// RECONResearch file · 2026Sixtyfour Research

People research, benchmarked.
100People
474Verified fields
10Research categories
Filed
April 26, 2026
Author
Sixtyfour Research
Pages
9 min read
Benchmark · Sixtyfour Research

A Benchmark for People Intelligence

Background checks, fraud investigations, and people-related data enrichment all need the same thing — verified facts about real individuals. We built RECON to measure how well AI systems actually do this.

Deep research benchmarks like BrowseComp, DeepSearchQA, and SealQA measure how well systems synthesize general information across the web. But tasks like background checks, fraud investigations, and people-related data enrichment call for something different: people research.

RECON is the first people research benchmark. It tests a system's ability to find and verify datapoints about real individuals from sources that are scattered, unindexed, and often conflicting: archived school records, old forum posts, and scattered public records. The dataset covers 100 people and 474 verified fields across six categories, spanning direct lookups and multi-hop causal chains.

Figure 01 · Weighted accuracy
Weighted accuracy = (correct - incorrect) / total evaluated fields. Sixtyfour systems are shown in solid black; external providers are shown in gray.
Figure 02 · Precision & recall
Precision = correct fields / attempted fields. Recall = correct fields / total evaluated fields.
The problem

What makes people research hard

People research is challenging in three ways.

Identity resolution

The internet is full of people named "Saarth Shah." Finding facts about the right one requires anchoring to known ground truth and verifying each new connection before extending further. A wrong identity match produces a confidently wrong answer, and every finding built on it inherits the error.

Causal chains

Many people research tasks can't be answered with a single search. Confirming whether someone held a prior directorship at a dissolved company might require: finding their current business registration, tracing a shared address to a dissolved entity, then searching that entity's filings to surface their prior role.
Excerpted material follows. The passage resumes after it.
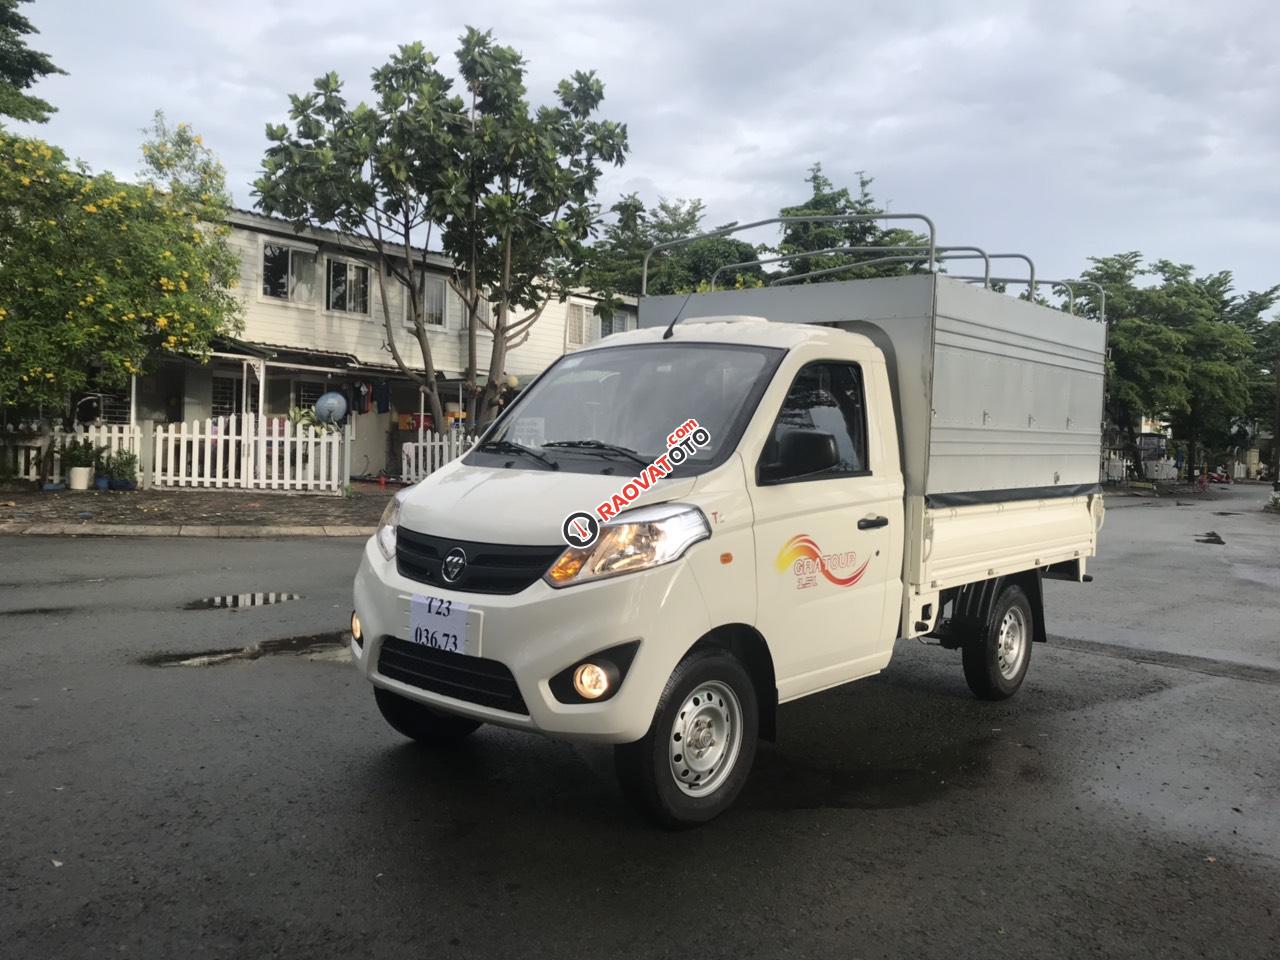 Bán xe ô tô tải, nhãn hiệu Thacco Foton 990kg, giá tốt cạnh tranh 2019-2

Each step depends on the previous one.

Fragmented signals

People leave traces across dozens of platforms. Unlike corporate filings, this information is scattered, often unindexed, and rarely conclusive on its own. A key fact might be a single line buried in a scanned PDF, public records, an old forum post, or require reconciling conflicting signals across multiple sources.

A wrong identity match produces a confidently wrong answer, and every finding built on it inherits the error.
Methodology

How we built the benchmark

People & fields

We compiled 100 individuals across industries, roles, and digital footprint levels, avoiding public figures whose information is too widely indexed to stress-test the benchmark. The dataset covers 474 verified facts across six categories that reflect what comes up most in real people research tasks. Every field was verified against a primary source with an unambiguous identity link to the person. Fields relying on inference were rejected.

Category
Count
Share
Example fields
Online Presence
165
34.8%
GitHub username, old Twitter handle, gaming profile, linked aliases
Education
75
15.8%
University attended, student ID, GPA, research lab
Professional History
70
14.8%
First employer, co-founder names, incorporation date
Identity & Contact
59
12.4%
Legal name, personal email, birth date, phone
Achievements & Published Work
66
13.9%
Hackathon placements, ArXiv papers, conference talks, awards
Personal
39
8.2%
Hobbies, personal milestones, life events

A sample task

Each entry pairs a lead with a set of fields to find. lead_info gives the agent its ground-truth anchor, and struct defines what it needs to return:

JSON
8 ln
{
"lead_info": { "name": "Saarth Shah", "company": "Sixtyfour" },
"struct": {
"prev_startup_first_customer": "First client of his startup directly before Sixtyfour",
"isc_exam_score_and_ranking": "ISC board exam percentage and approximate ranking among high scorers",
"early_twitter_handle": "Early Twitter handle used during high school"
}
}

prev_startup_first_customer is a multi-hop chain: find Saarth's startup before Sixtyfour, find its launch announcement, then extract the first customer from the post. isc_exam_score_and_ranking requires a La Martiniere College Facebook post from 2019 listing top board exam scorers. early_twitter_handle predates any association with Sixtyfour and was used under a different online identity, recoverable through an archived version of a personal website. The expected answers:

JSON
5 ln
{
"prev_startup_first_customer": "Walnut Creek Dental",
"isc_exam_score_and_ranking": "95.0%, ranked 9th among La Martiniere ISC high scorers (2019)",
"early_twitter_handle": "herossgraphics"
}

Each field is graded by a GPT-4.1-mini judge as correct, incorrect, or missing, ignoring format differences. These results were validated with humans, resulting in 98.5% agreement. Weighted accuracy is computed as (correct − incorrect) / total evaluated fields; standard accuracy is simply correct / total evaluated fields.

Key findings

What the numbers tell us

Four patterns emerge clearly across the benchmark. We walk through each one in turn.

1. Agentic multi-turn research outperforms out-of-the-box providers

Sixtyfour and Parallel significantly outperform out-of-the-box providers (GPT-5.4, Gemini, Exa, Grok) as long-horizon research harnesses. Sixtyfour goes further: being purpose-built for people research enables optimized context management at depth and more efficiency. Sixtyfour High (73.0% weighted, 328s) outperforms Parallel Ultra 8x (60.6%, 990s) by 12.4 points while running in roughly a third of the latency. For domain-specific research, the harness and the specialization both compound.

Figure 03 · Accuracy graphs
Standard accuracy = correct fields / total evaluated fields. Weighted accuracy = (correct − incorrect) / total evaluated fields. Latency is p50 runtime.

3. Hallucination rate matters as much as accuracy

A wrong answer is harder to catch than a missing one, and in many contexts more damaging. We report weighted accuracy (correct − incorrect) / total evaluated fields — as our primary metric to account for this. The breakdown below shows correct, incorrect, and missing fields per provider.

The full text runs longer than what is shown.